実は、コラムと呼ぶ人もいれば角型鋼管と呼ぶ人もいます。両方意味は通じます。なぜ統一しないのか?実は、意味が全く違うからです。これを鋼材メーカーも使い分けています。例えばJFEスチールが発行している『鋼構造設計便覧』の鋼材リストを見ましょう。


すると『JFEコラム』と『角型鋼管』という2つの言葉が明記されています。良くみると、『STKRの製品は角型鋼管』、それ以外を『コラム』と使い分けていました。


※STKRの特徴は下記が参考になります。

STKR材(一般構造用角形鋼管)の規格・サイズ・断面性能一覧

コラム=BCR、角型鋼管=STKR

STKRの正式名称は、一般構造用角型鋼管です。この材質は昔から製造されてきた、JIS規格品です。一方、BCRやBCPは『冷間成形角形鋼管』と呼ばれる大臣認定品です。


実は、コラムとはBCR、BCPのこと。角型鋼管はSTKRを意味していたのです。BCR、BCPの特徴は下記が参考になります。

BCR295(冷間ロール成形角形鋼管)の規格|基準強度295・寸法・重量・STKR違い

BCP325とは|冷間プレス成形・基準強度325N/mm2とBCR295との違い


現在、鉄骨ラーメン構造の柱はほとんどがコラムです。
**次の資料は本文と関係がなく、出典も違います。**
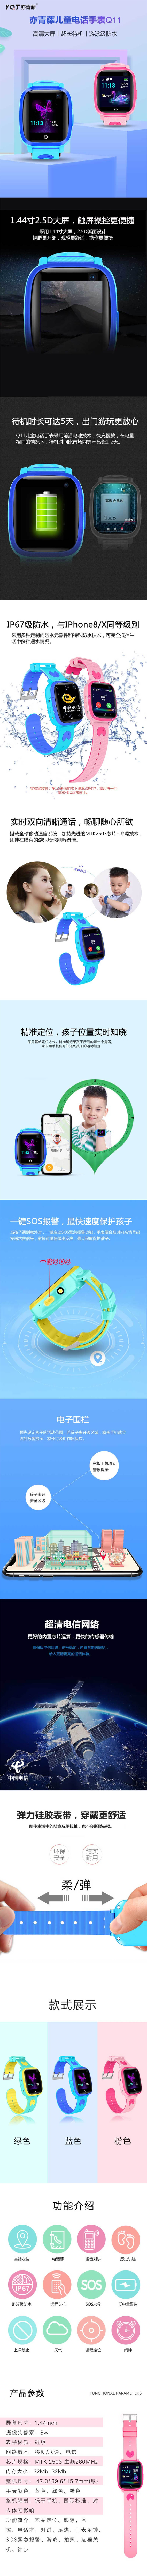 亦青藤Q11儿童手表（电信版） - 产品展示 - 亦青藤.jpg

また、梁はH型鋼を用いています。※H型鋼は下記を参考にしてください。

H形鋼(H鋼)とは?規格・寸法・材質・用途を解説


以前は安かったSTKRも、近年は採用されるケースが減ることでコラムとの価格が逆転しました。

BCR、BCPの違いは?

簡単に理解できるコツがあります。両者で大きく違うのは製造過程です。これは、


・BCRのRは『ロール』を意味する。

・BCPのPは『プレス』を意味する。


です。BCR、BCPの規格は下記が参考になります。

BCR295(冷間ロール成形角形鋼管)の規格|基準強度295・寸法・重量・STKR違い

BCP325とは|冷間プレス成形・基準強度325N/mm2とBCR295との違い

ロール製造とプレス製造

ロール製造とは鋼板を冷間加工して一度、円柱にします(もちろん円柱にするため溶接して円にします)。


しかし、このままでは『角型』にはなりません。そこで四ヶ所から平(たいら)になるようにサイジングします(この過程をサイジングと言います)。これが、ロール製造です。


一方プレス製造は、初めに鋼板を『コの字』にプレスして冷加工します。『コの字』を2つ組み合わせて溶接すれば角型になりますね。これがプレス製造です。

そもそも冷間成形って何?

冷間という言葉をみると鋼を冷やして加工しているみたいです。でも、これは違います。鋼は塑性変形します。弾性状態を超えた時、『ぐにゃー』と曲がるのです。熱を加えなくてもこの現象は起きます。


この塑性変形したのが冷間加工で、『熱を加えず常温で加工している』ということです。なお、塑性の性質が曖昧な人は、下記が参考になります。

塑性変形とは|読み方・弾性変形との違い・降伏点

混同しやすい用語

BCR・BCP

BCRはロール成形による冷間成形角形鋼管、BCPはプレス成形による冷間成形角形鋼管です。

両者とも鉄骨柱に使用されますが、BCRはロール成形のため隅部の残留応力が小さいのに対して、BCPはプレス成形のため板厚方向の性能が均一という特徴があります。

試験での問われ方|管理人の一言

建築士試験ではBCRとBCPの製造方法の違い、およびSTKR材との性能比較が問われます。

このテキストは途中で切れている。